J.C. MURRAY J. (Concurring)
[27] I agree with the result reached by the majority of the panel to allow the appeal, to set aside the judgments of Justice Brockenshire and to grant judgment dismissing the action of the plaintiff, Remo Valente Real Estate (1990) Limited in its entirety.
[28] The following are my concurring reasons.
The Exclusive Listing Agreement
[29] On the 22nd day of November, 2002, the plaintiff Remo Valente Real Estate (1990) Limited (hereinafter referred to as “Valente”) entered into an exclusive listing agreement with 1318941 Ontario Limited (later renamed Portofino Riverside Tower Inc. and referred to in these proceedings as “Portofino 1”), a builder/owner which was intending to build a condominium project on Riverside Drive West in the City of Windsor, in the County of Essex. The listing agreement granted to the broker exclusive authority to promote and sell condominium units to be constructed.

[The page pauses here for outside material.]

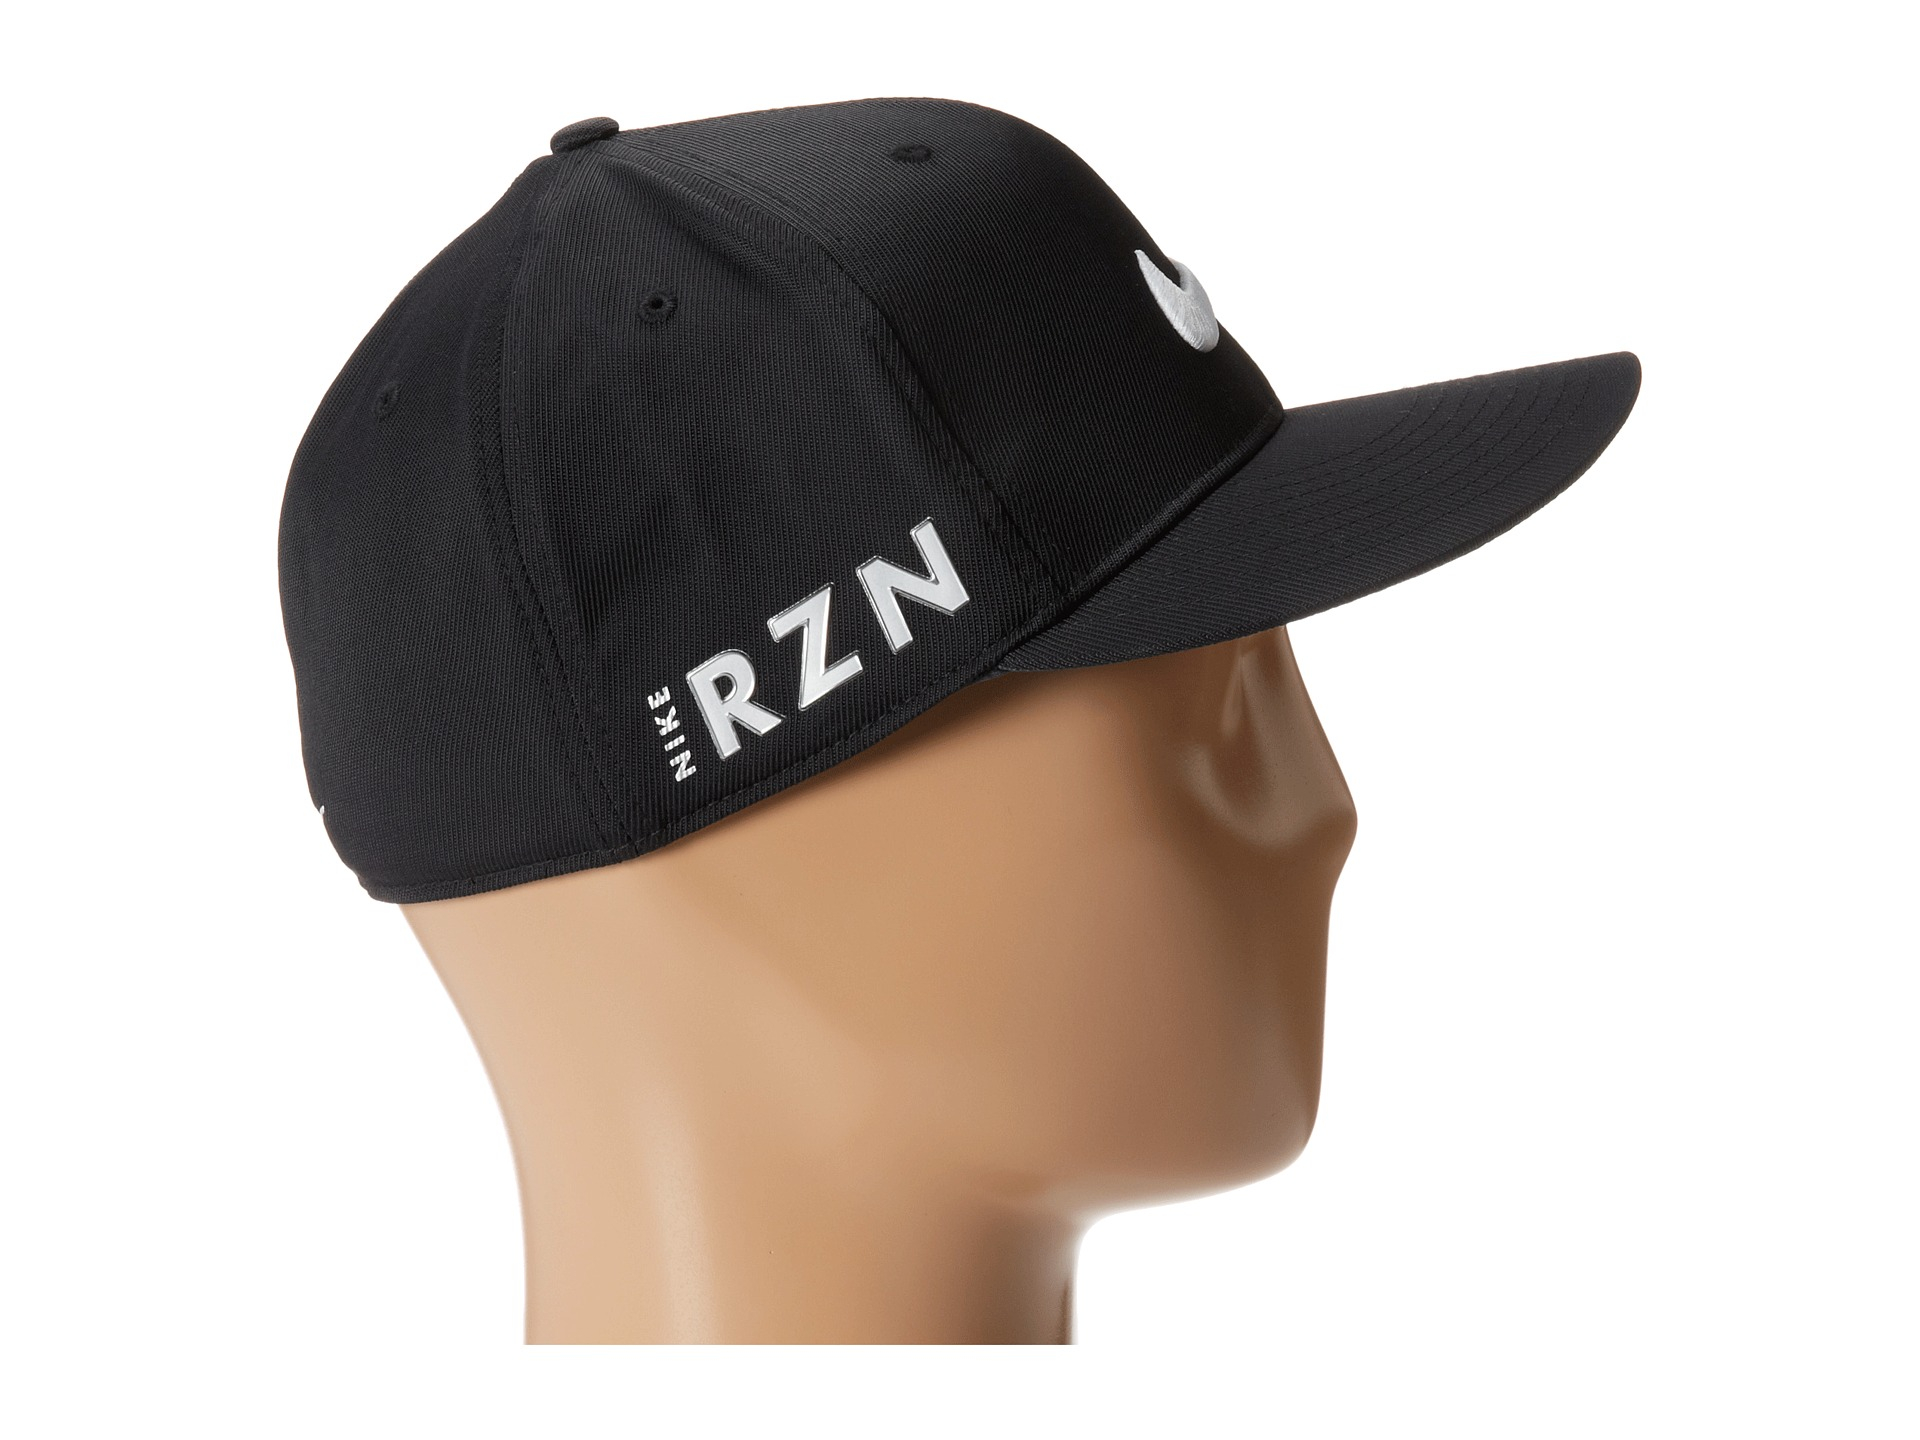 df9b1e518aa2c ... order lyst nike flat bill tour cap in black for men f81c5 32a22

[30] The term of the listing agreement was from the date of execution until December 30, 2006, subject to automatic renewal for a further period of one year unless terminated by written notice 30 days prior to December 30, 2006. The commission clause provided in part that:
… the builder agrees to pay Valente a commission of 4% of the sale price if sold by sales representatives assigned to the project and 5% if sold by other “Valente “salespeople or other salespeople registered with outside real estate brokers, of each condominium unit or lands sold under an Agreement of Purchase and Sale entered into during the currency of this Agreement … which commission shall be due and able 50% of each commission 45 days from the day in which the necessary pre-sales have been achieved to satisfy the condition in the Project Financing commitment provided that said sales are unconditional and the remaining 50% payable upon the completion of each sale.
[31] The listing agreement was amended by the parties by subsequent agreement dated September 29, 2004. By the amendment, the owner/builder and the broker agreed that should the property be sold during the currency of the listing agreement, the owner/builder would pay to the broker a commission of 5% of the sale price of the property on the completion of such sale.
The Re-Organization
[32] As of January 2005, Dante J. Capaldi owned Capaldi Investment Holdings Inc. and through that holding company was the sole shareholder of Portofino 1.

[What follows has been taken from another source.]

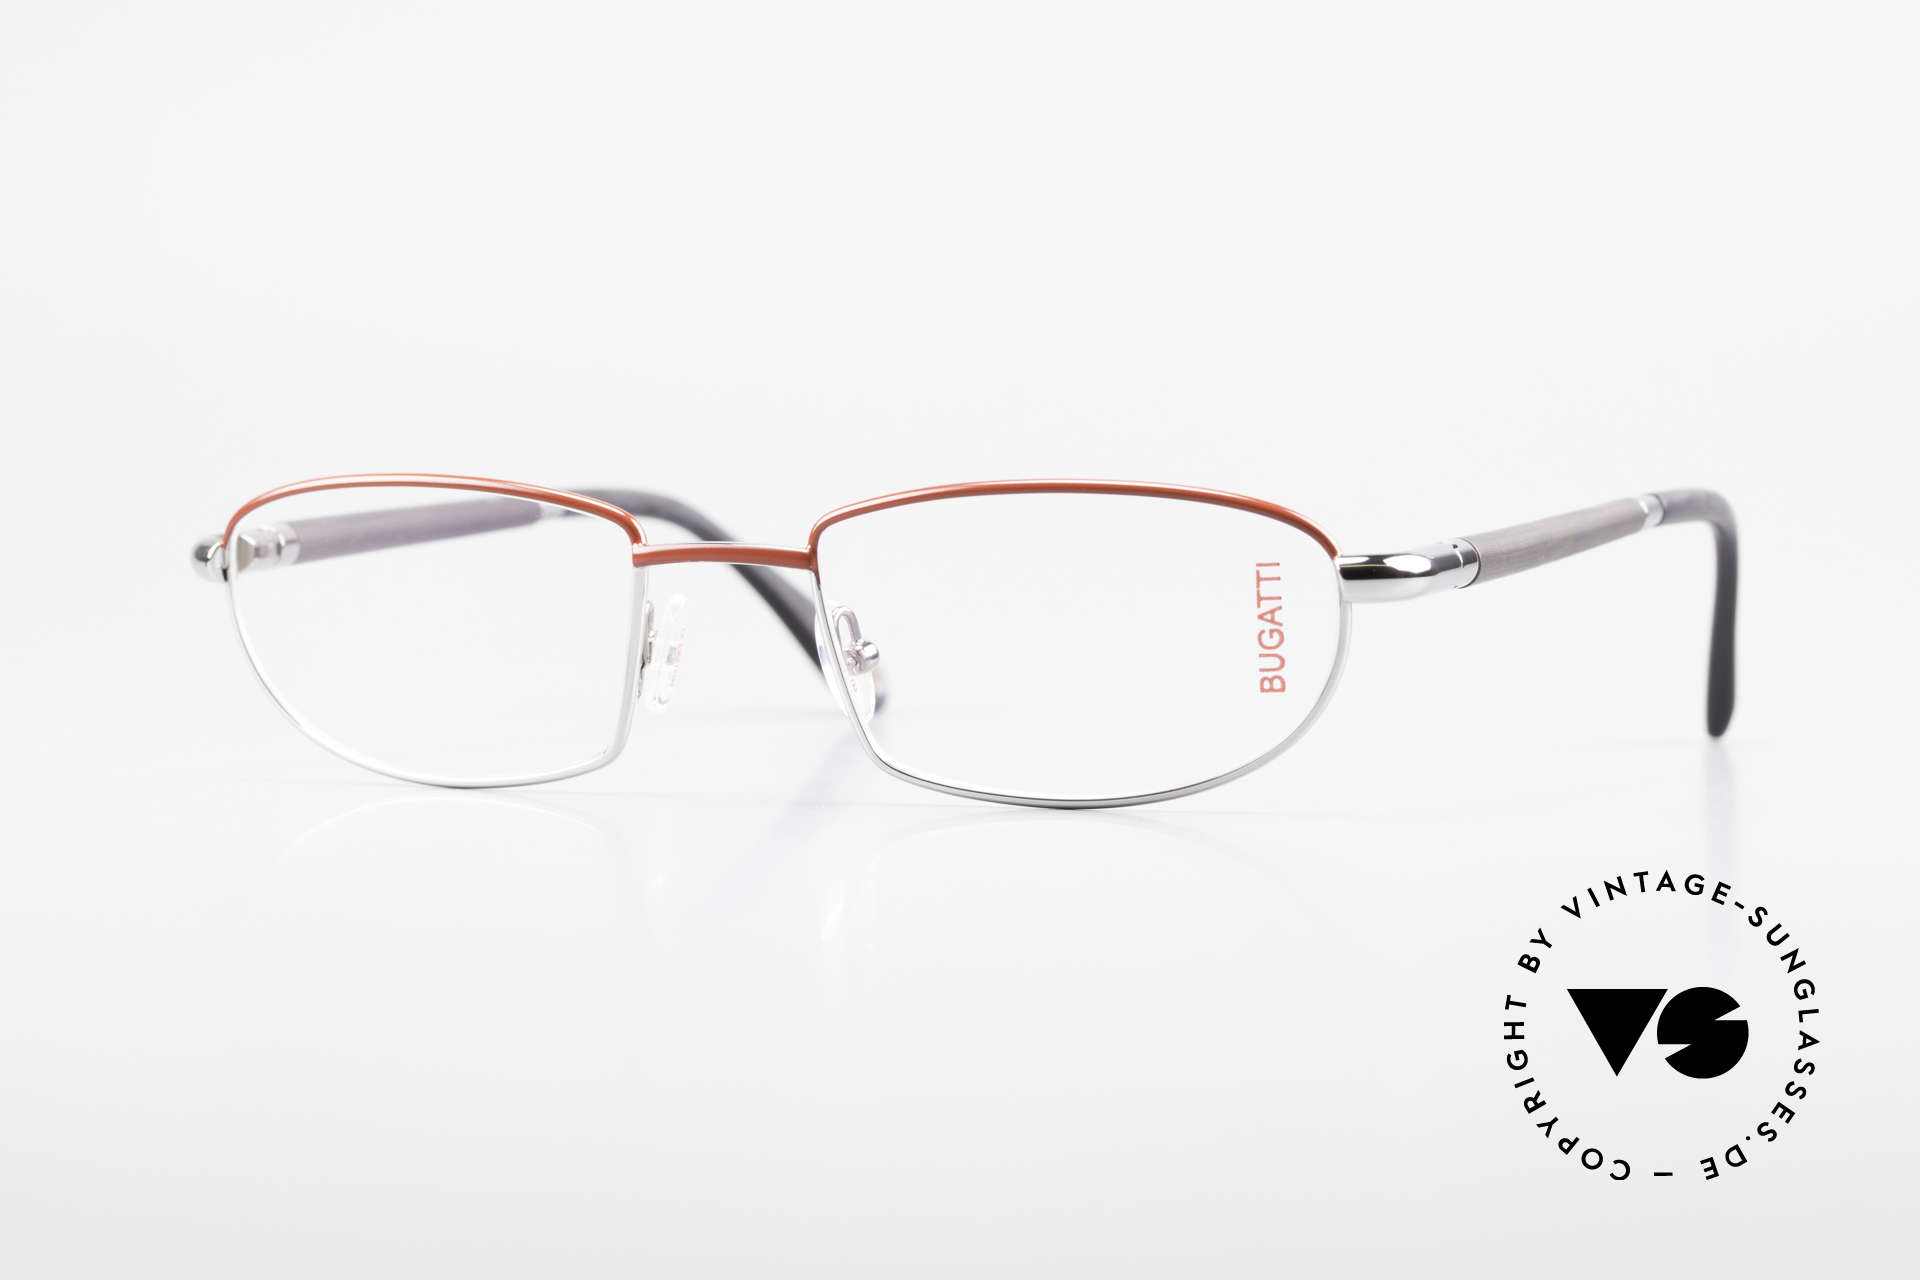 Bugatti 537 Genuine Horn Frame Palladium, luxury eyeglasses by BUGATTI, TOP-NOTCH quality, Made for Men

[33] After Capaldi became the sole shareholder of Portofino 1, Portofino 1 was re-organized. The re-organization involved the transfer by Portofino 1 of the legal title to the lands to a trustee while retaining beneficial ownership of the land. To achieve this, legal title of the lands was transferred to Westview Park Gardens (2004) Inc. on May 3, 2005. The legal title was transferred for nominal consideration with no change in beneficial ownership or value of Portofino 1’s assets. Westview Park Gardens (2004) was subsequently renamed Portofino Corporation.
[34] The second aspect of the re-organization involved the transfer by Portofino 1 of the beneficial ownership of the lands and all other Portofino 1 assets to the Portofino (2005) Limited Partnership in satisfaction of the capital contribution of a limited partner. The general partner was “I Capaldi General Partner Corporation” (owned by Dante Capaldi). The capital contribution was stated as the value of Portofino 1’s beneficial interest in the land and other assets, being $2 million. Therefore, the defendants submitted that the value of Portofino 1’s interest in the limited partnership was the same as the value of the property and other assets of Portofino 1 before the re-organization.
[35] Capaldi described the re-organization, as follows. The legal ownership of the land held by Portofino I was transferred to Westview Park Gardens (2004) Inc. to hold as a trustee, subject to a proviso that on request the legal title would be transferred back to Portofino I. Then the beneficial or equitable interest of Portofino I, which would include the right to recall the legal title, was transferred from Portofino I to 1 Capaldi General Partner Corporation in exchange for a credit to its capital account in the limited partnership known as the Portofino 2005 Limited Partnership, in the amount of $2,000,000.
[36] Capaldi stated that the re-organization was undertaken for a number of business purposes described by him in his evidence as follows:
To attract new investors to assist in financing the project;
To permit unequivocal interest to be provided to those investors without attracting obligation to pay commission to Valente pursuant to the Listing Agreement as amended in September, 2004;
To permit the retainer of real estate agents other than Valente;
To preserve the underlying value of Portofino 1 to meet its existing obligations to Valente; and
To avoid paying double commissions on future sales both to the real estate agents who sold the remaining condominium units and to Valente.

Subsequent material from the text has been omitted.